ABOUT THIS EXERCISE >> Copy task. Retype the whole listing exactly, omitting any picture in it.

INFORMATION PROVIDED >>
┌──
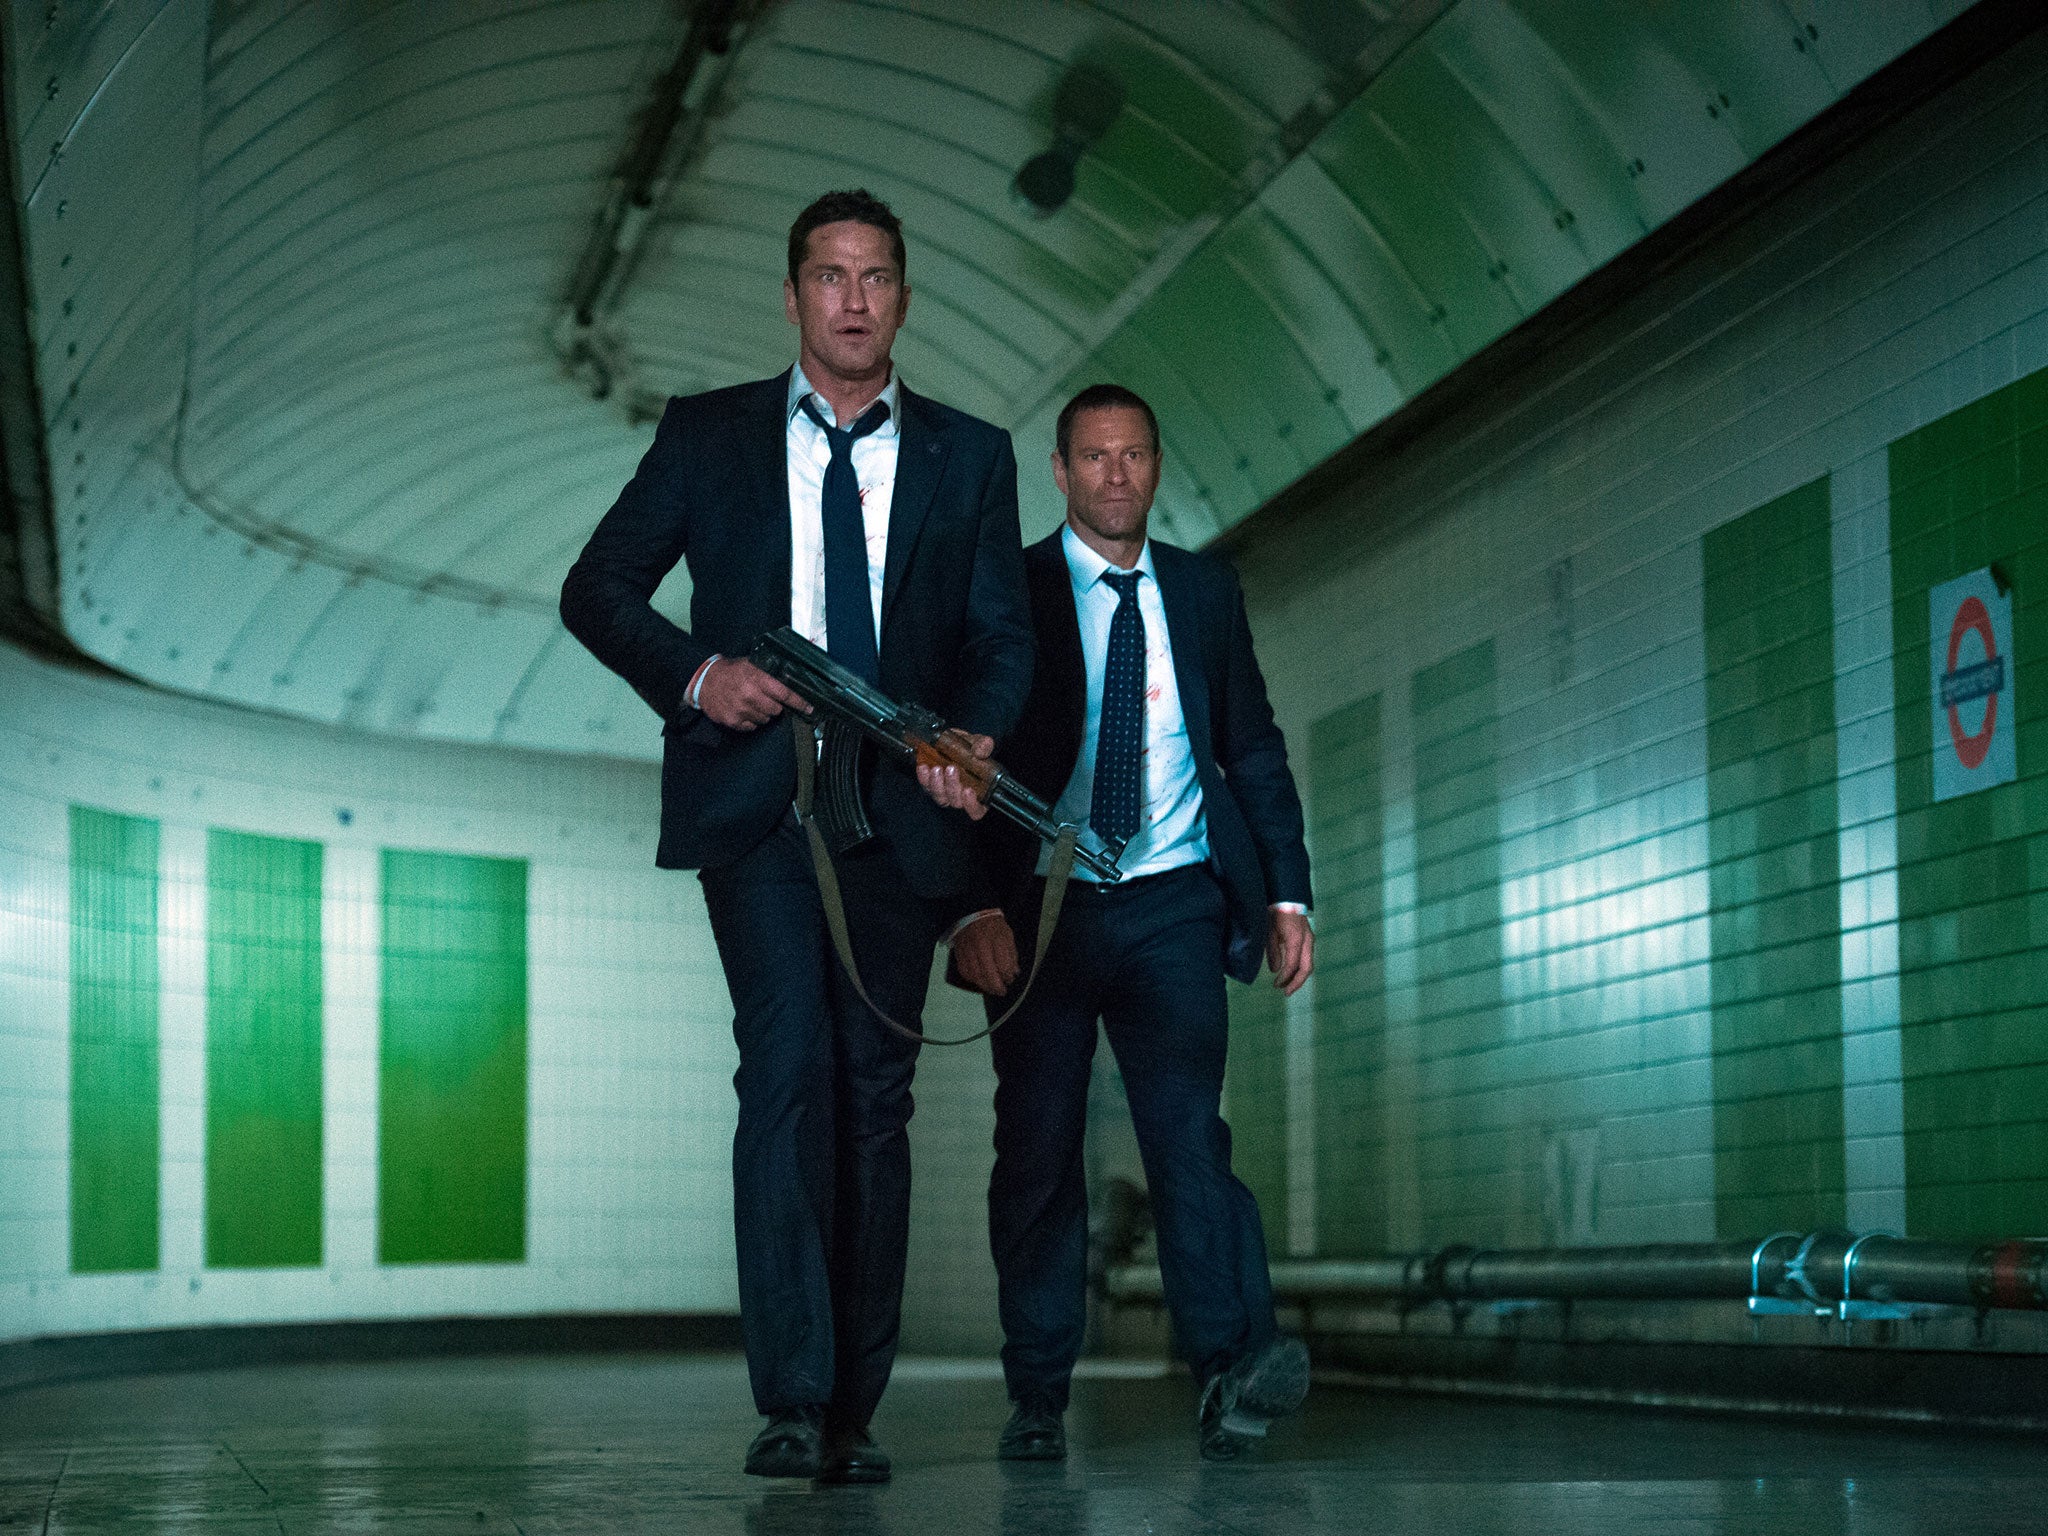 Gerard Butler and Aaron Eckhart going underground in the silly action movie ‘London Has Fallen’
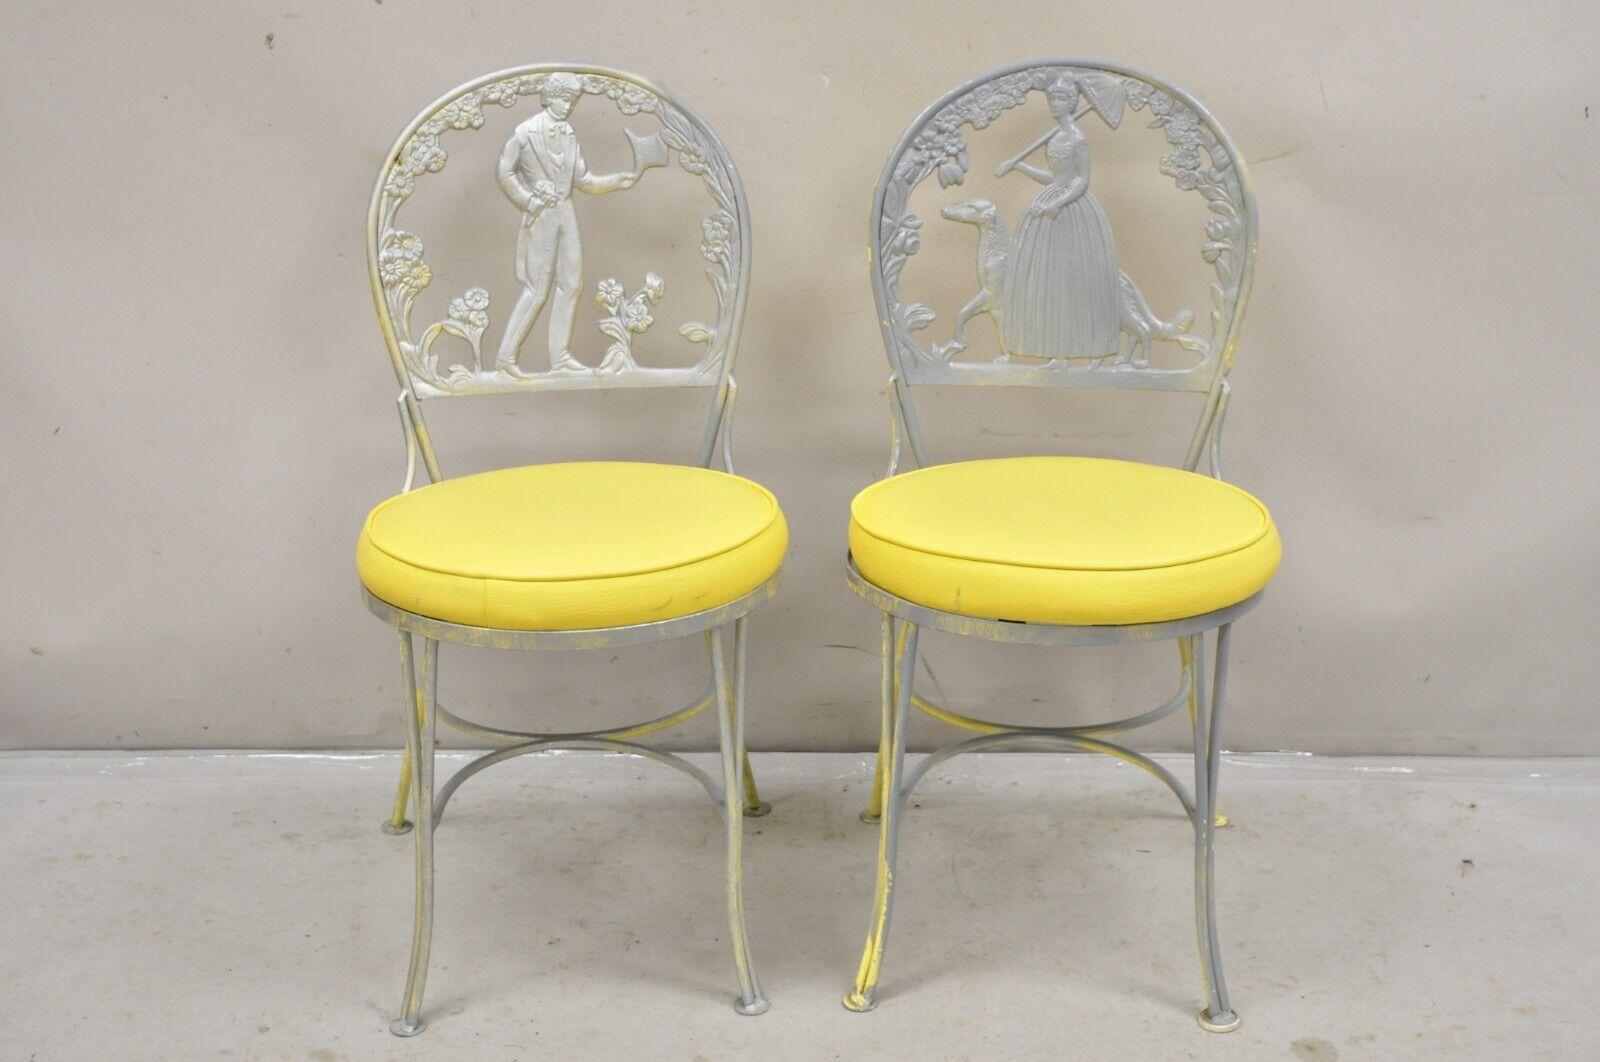 Victorian Style Cast Aluminum Courting Scene Garden Patio Bistro Chairs - a Pair 7
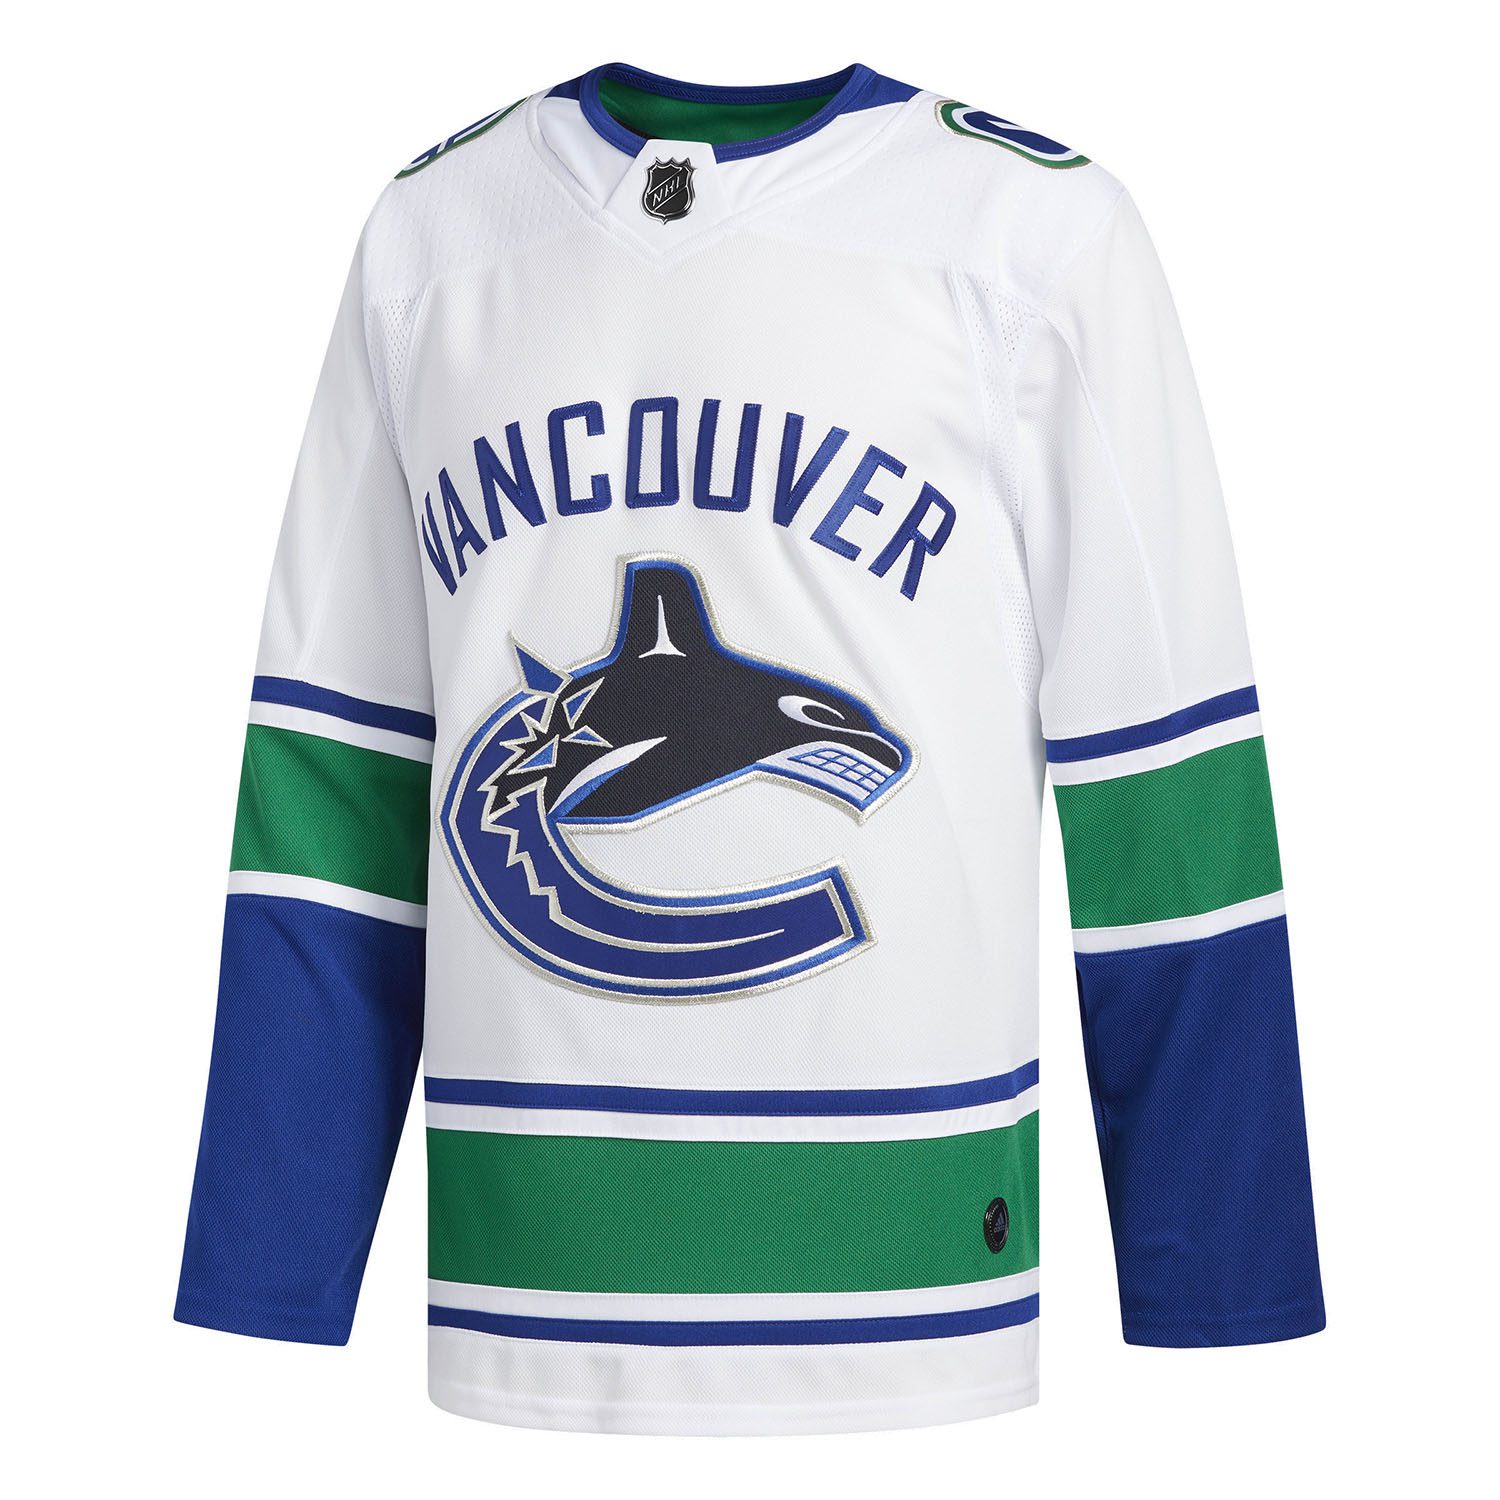 Download Adidas Men's Vancouver Canucks Away Authentic Pro White ...
└──
SOLUTION >>
 Gerard Butler and Aaron Eckhart going underground in the silly action movie ‘London Has Fallen’
 Victorian Style Cast Aluminum Courting Scene Garden Patio Bistro Chairs - a Pair 7
 Download Adidas Men's Vancouver Canucks Away Authentic Pro White ...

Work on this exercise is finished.